Он резко и решительно дергает вожжи, так что майор выпускает их из рук и Холод въезжает на своей задрипанной, забрызганной грязью Бог весть каких рек подводе под высокие и чистые деревья всемирно известного Тиргартена. И здесь вынужден остановиться, ибо к братской могиле как раз в эту минуту приближается однорукий полковник Смолин, командир дивизии, заменивший генерал-майора Кулагина еще за Вислой: тот счастливчик отозван перед Новым годом в Академию имени Фрунзе. Смолина сопровождают высшие офицеры штаба дивизии, адъютанты и охрана, и от такого количества начальства Холоду становится еще холоднее и еще неудобнее на высокой его подводе.

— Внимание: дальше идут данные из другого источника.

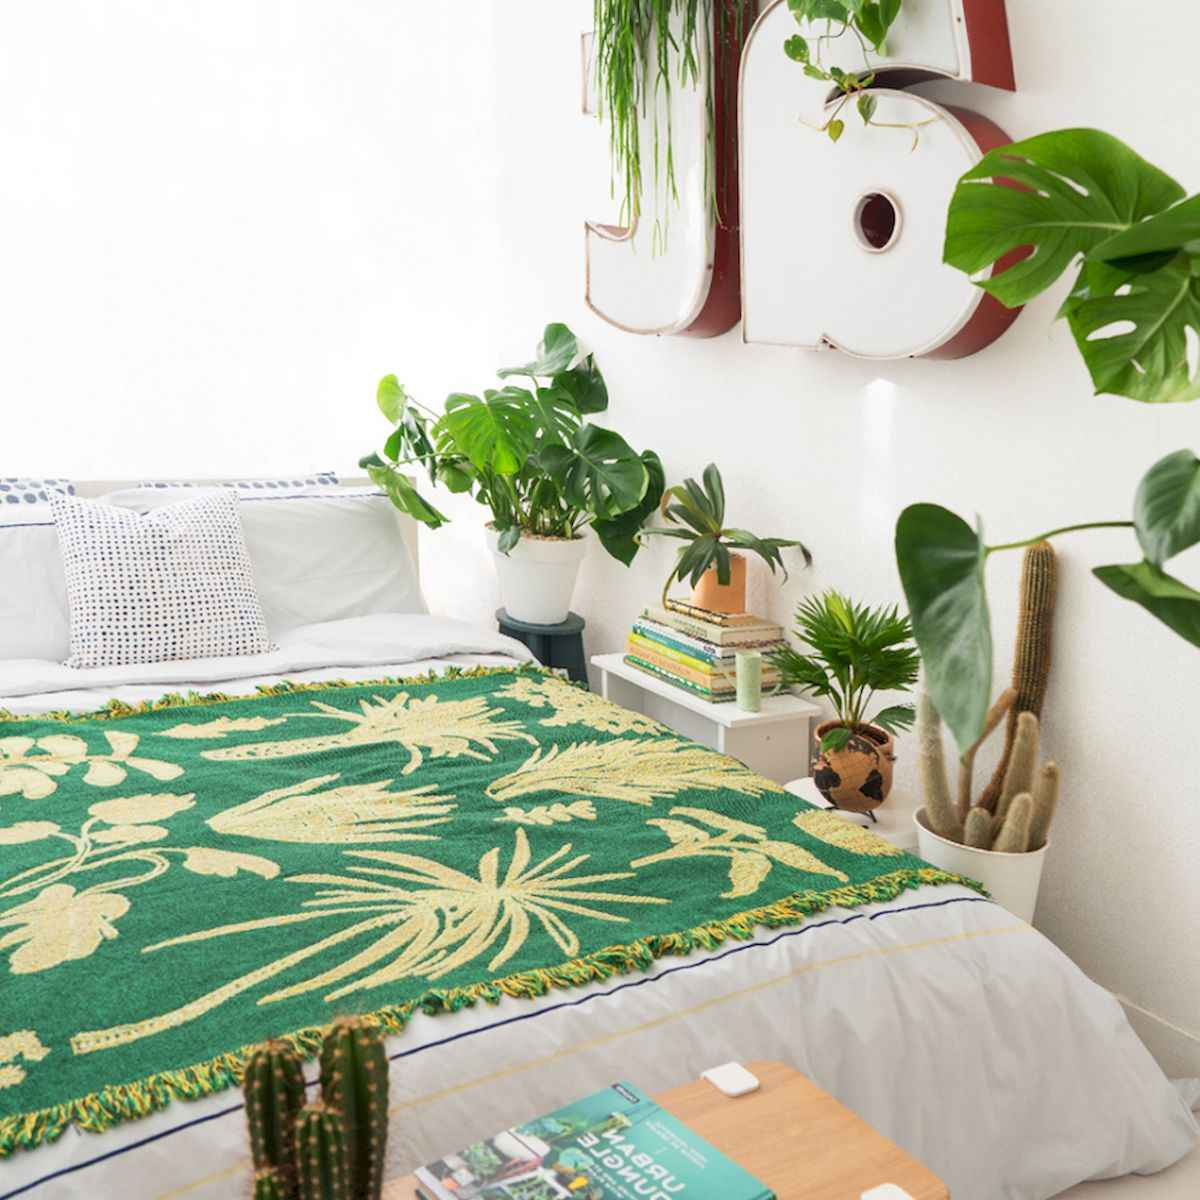 30 easy but stunning diy summer ideas room decor (21)

— Холод? — гортанно и изумленно кричит из офицерской компании Хуратов, снова забранный Смолиным в дивизионный резерв перед штурмом Зееловских высот. — Кого везёте Холод?- спрашивает Хуратов, выбираясь из свиты командира дивизии и приближаясь к подводе. Холод смотрит, как он подходит, и начинает молча плакать, только губы трясутся, и брови вздрагивают, и рот кривится, как у обиженного ребенка. — Сухов?! — взрывается Хуратов. На его отчаянный вопль оборачиваются почти все офицеры, и тот майор-смершевец, и полковник Смолин разворачивается с неестественно вытянутым протезом вместо левой руки. Хуратов прямо синеет от ярости и отчаяния. — Их надо палками, палками по голове! Кирпичом, кирпичом проклятых фашистов! — хрипит он, весь перекосившись и сгорбившись, почернев лицом, и на губах у него появляется пена.

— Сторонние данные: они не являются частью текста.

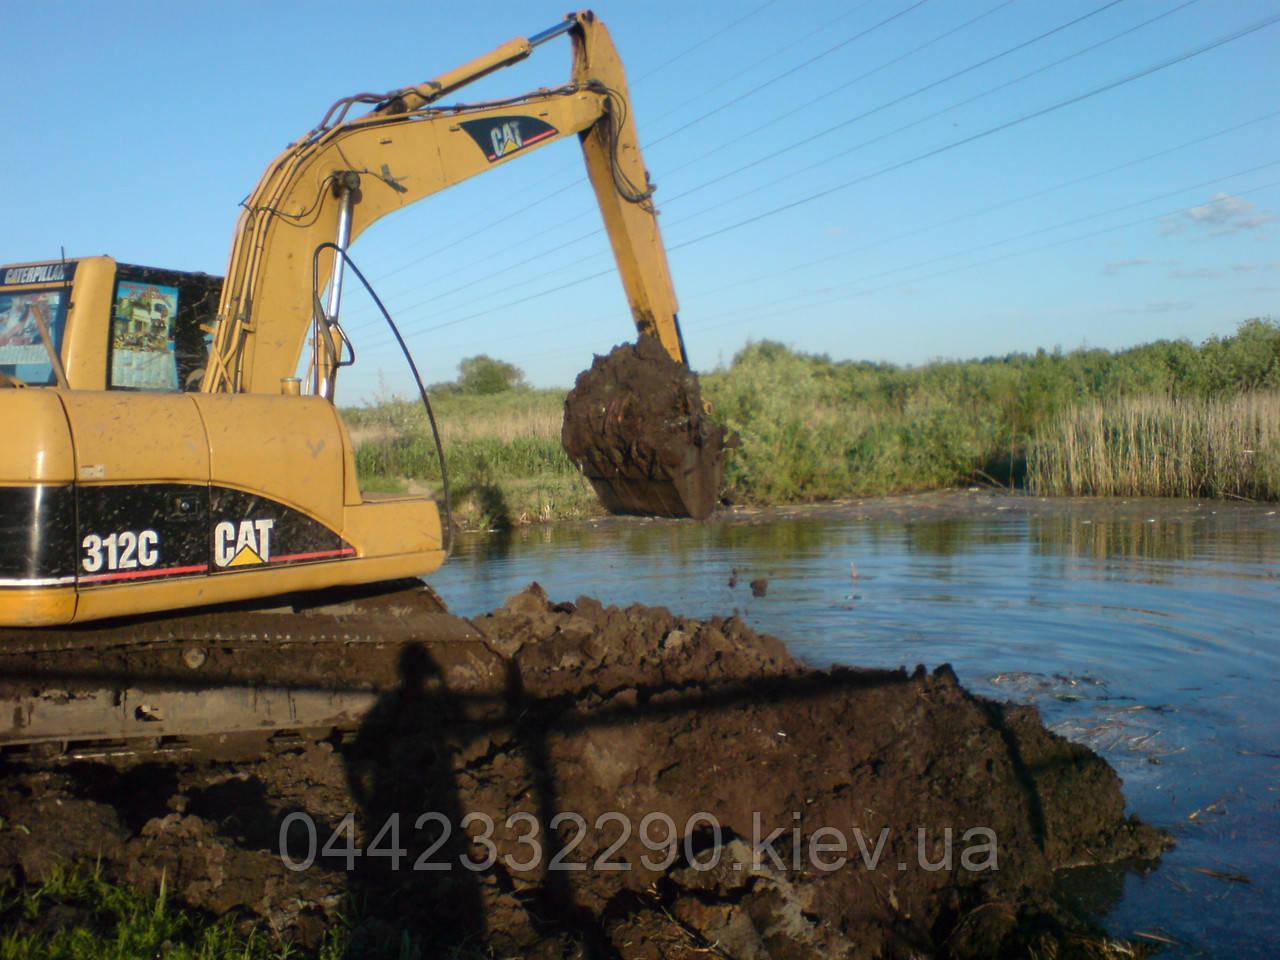 Строительство водоемов - Копка, углубление озер, прудов

Ухватившись за ручицу у самого лица Сухова, не сводит с него глаз, словно хочет наглядеться в последний раз. А Холоду кажется, что Хуратов держится за ручицу, чтобы не упасть.

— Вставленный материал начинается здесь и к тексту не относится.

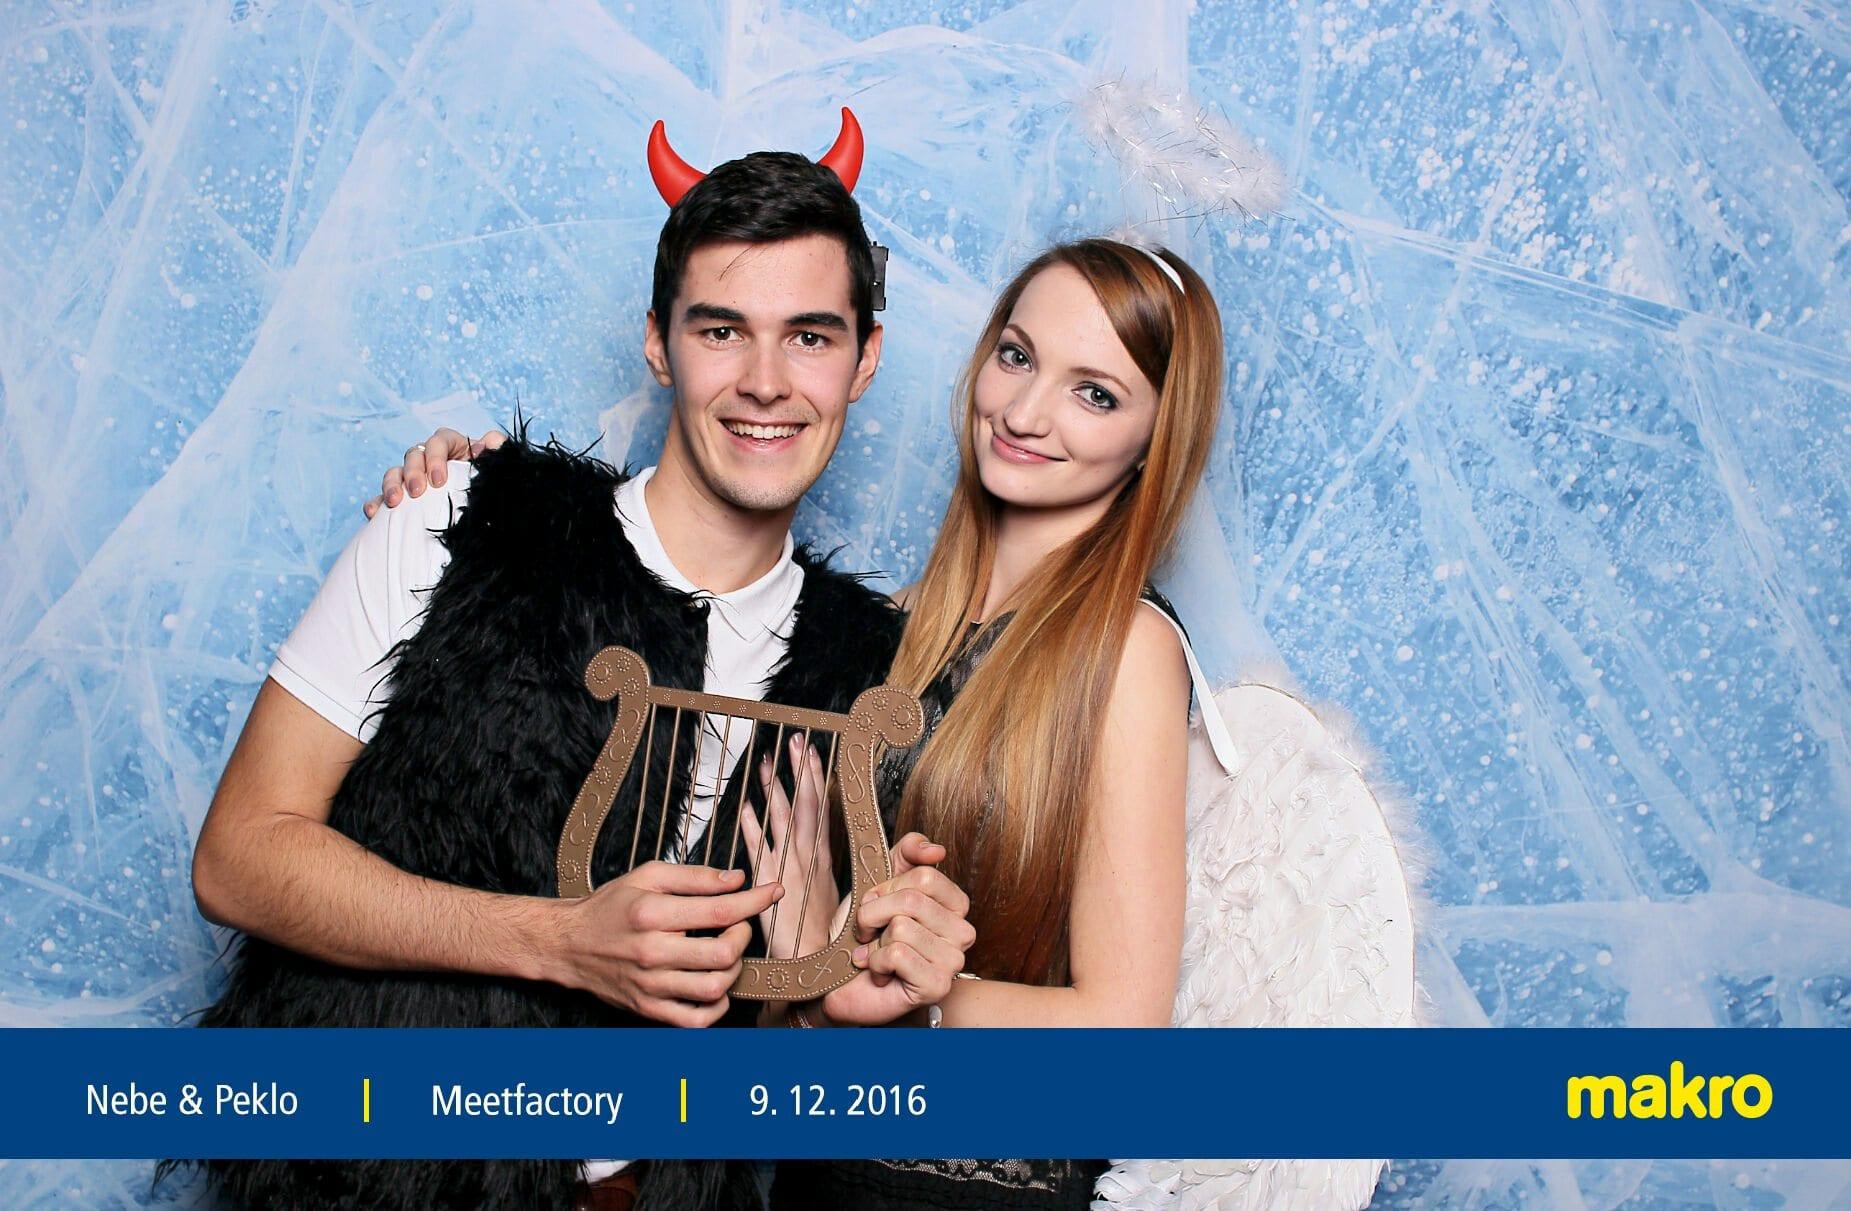 fotokoutek-makro-9-12-2016-180171

— Старший лейтенант, — говорит ему тихо майор-смершевец. — Отпустите ездового, пусть отвезет убитого на противоположный край могилы и положит в ряд, пока полковник подойдет. Сейчас же и начнут хоронить. Вон уж и оркестр готовится.

Мы быстро подходим к своему постоянному командиру роты, воспитателю и покровителю Сухова, отдаем ему честь.

— Не уберегли?! — хрипит Хуратов, не замечая нашего приветствия. — Я же вам приказывал: берегите друг друга, что бы ни случилось! Особенно Сухова! Не оставляйте раненых...

— Его не ранили, — говорит Корницкий. — Его срезали наповал пулеметчики на Темпельгофском аэродроме.

— А почему же ты не прикрыл его? Ты же ординарец!

— Он не взял меня на рекогносцировку. Оставил на батарее — обслуги при минометах сейчас неполные, — оправдывается Корницкий, глядя на Хуратова вплотную своими светло-голубыми, как морская вода, глазами. Хотя оправдываться и нет нужды.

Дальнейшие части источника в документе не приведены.